Example: 1011010011₂

• Pad → 0010 1101 0011₂.
• Groups: 0010 = 2, 1101 = D, 0011 = 3.
• Result → 2D3₁₆.

4.2 Hexadecimal → Binary

1. Replace each hex digit with its 4‑bit binary equivalent (see table in 1.3).

Example: 9A₁₆ → 1001 1010₂.

5. Logical Shift Operations

• Logical left shift (<<): all bits move left; a 0 is inserted at the right‑most position. Each shift multiplies the unsigned value by 2 (ignoring overflow).
• Logical right shift (>>): all bits move right; a 0 is inserted at the left‑most position. Each shift divides the unsigned value by 2 (integer division).

Example (8‑bit unsigned word): 00110101₂ (53₁₀)

• Left shift 1 place → 01101010₂ = 106₁₀.
• Right shift 2 places → 00001101₂ = 13₁₀.

Overflow note: If a shift changes the sign bit of a two’s‑complement number, the result is no longer a correct representation of the original signed value – this is considered overflow.

6. Text Representation – ASCII & Unicode

6.1 ASCII

• 7‑bit code (often stored in an 8‑bit byte) representing 128 characters: A‑Z, a‑z, digits, punctuation, and control codes.
• Each character is identified by a decimal value (0‑127) which can be written in binary or hexadecimal.

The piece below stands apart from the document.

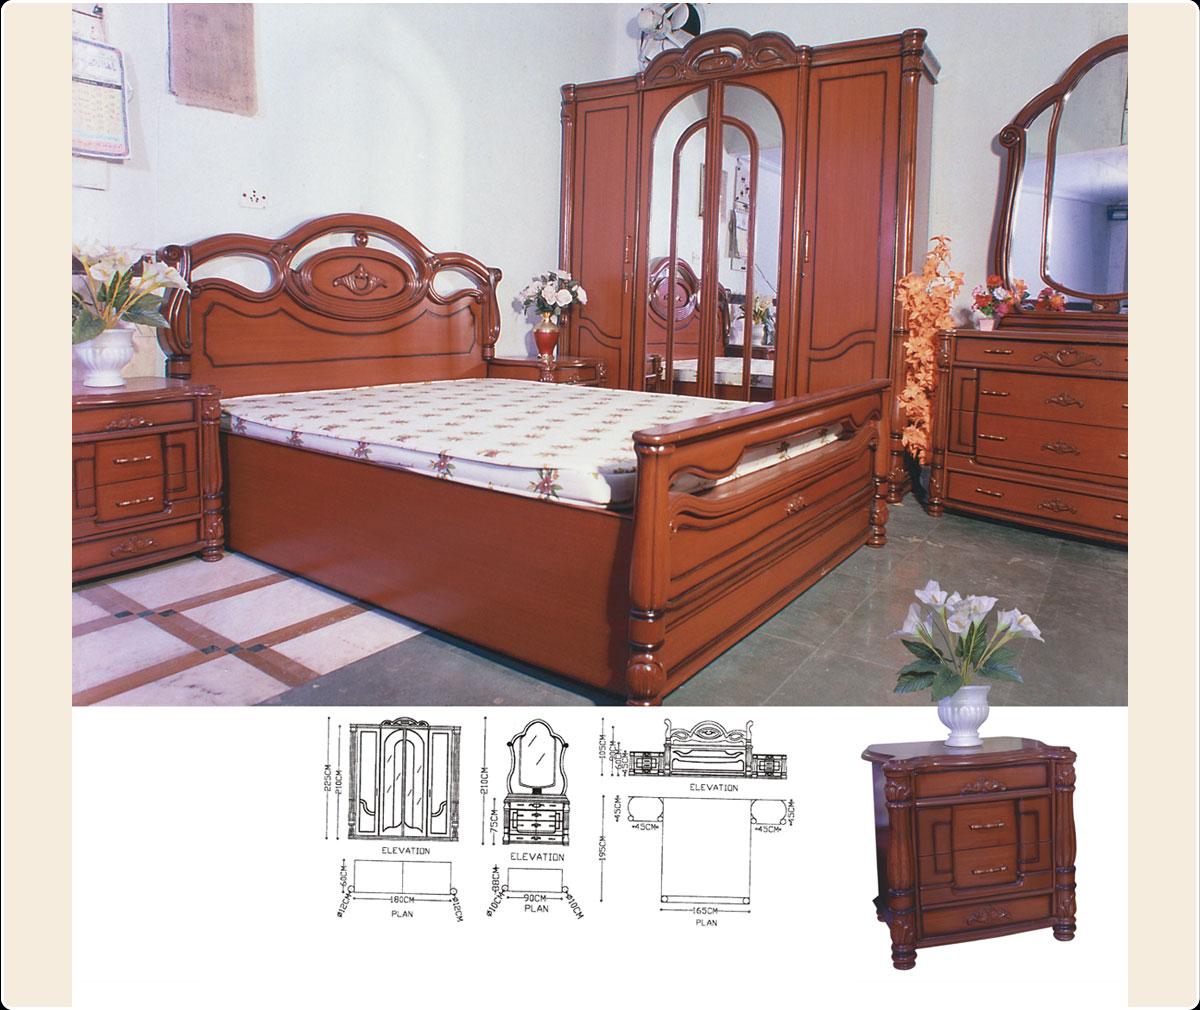 Fevicol Furniture Book Sofa Designs Klaussner Options Sectional Sudarsan Plylam

Example: The character ‘G’

• ASCII decimal = 71₁₀.
• Binary = 01000111₂.
• Hexadecimal = 47₁₆.

6.2 Unicode (UTF‑8) – exam focus

• Extends ASCII to over a million characters, using 1‑4 bytes per character.
• For the IGCSE you only need to know that the first 128 Unicode code points are identical to ASCII.

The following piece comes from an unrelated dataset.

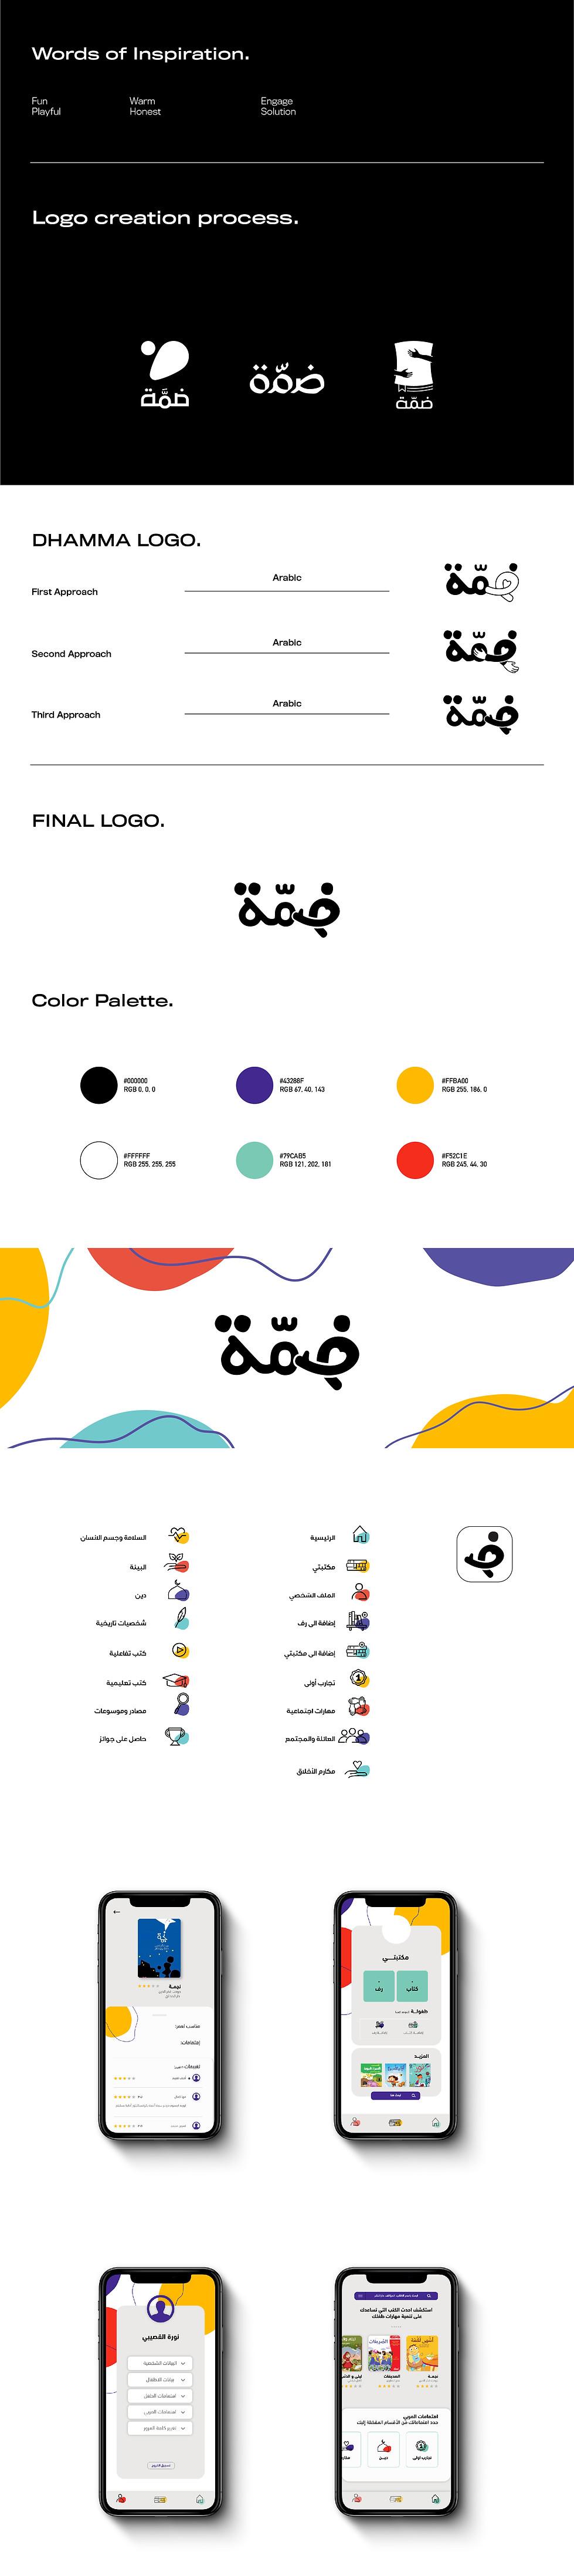 Dhamma | Process-01.jpg

7. Storage Units & Simple File‑Size Calculations

7.1 Units of digital information

Unit	Symbol	Bits
bit	b	1
byte	B	8
kilobyte	KB	8 × 1 024 = 8 192
megabyte	MB	8 × 1 024 × 1 024 = 8 388 608
gigabyte	GB	8 × 1 024³ = 8 589 934 592

7.2 Example – Image file size

A colour image of 640 × 480 pixels uses 24 bits per pixel (8 bits each for Red, Green, Blue).

• Total bits = 640 × 480 × 24 = 7 372 800 bits.
• Convert to kilobytes: 7 372 800 ÷ 8 ÷ 1 024 ≈ 900 KB.

7.3 Simple lossless compression – Run‑Length Encoding (RLE)

RLE stores a character followed by the number of consecutive repetitions.

Example: AAAAABBBCCDAA → 5A3B2C1D2A. Compare the length of the compressed string with the original to discuss efficiency.

8. Common Pitfalls & Exam Tips

• Always start counting powers of 2 from 2⁰ on the right‑hand side.
• When using the division method, write each remainder clearly; a missing digit invalidates the whole answer.
• For two’s‑complement, pad to the required word length **before** inverting the bits.
• After any binary conversion, perform a quick reverse‑check (binary → decimal or hex → binary) to catch mistakes.
• Remember that leading zeros do not affect the value but are required for fixed‑length questions (e.g., 8‑bit or 16‑bit representations).
• When a logical shift changes the sign bit, note that overflow has occurred – this is a common exam trap.
• For hex‑binary work, use the 4‑bit table as a shortcut; it saves time and reduces errors.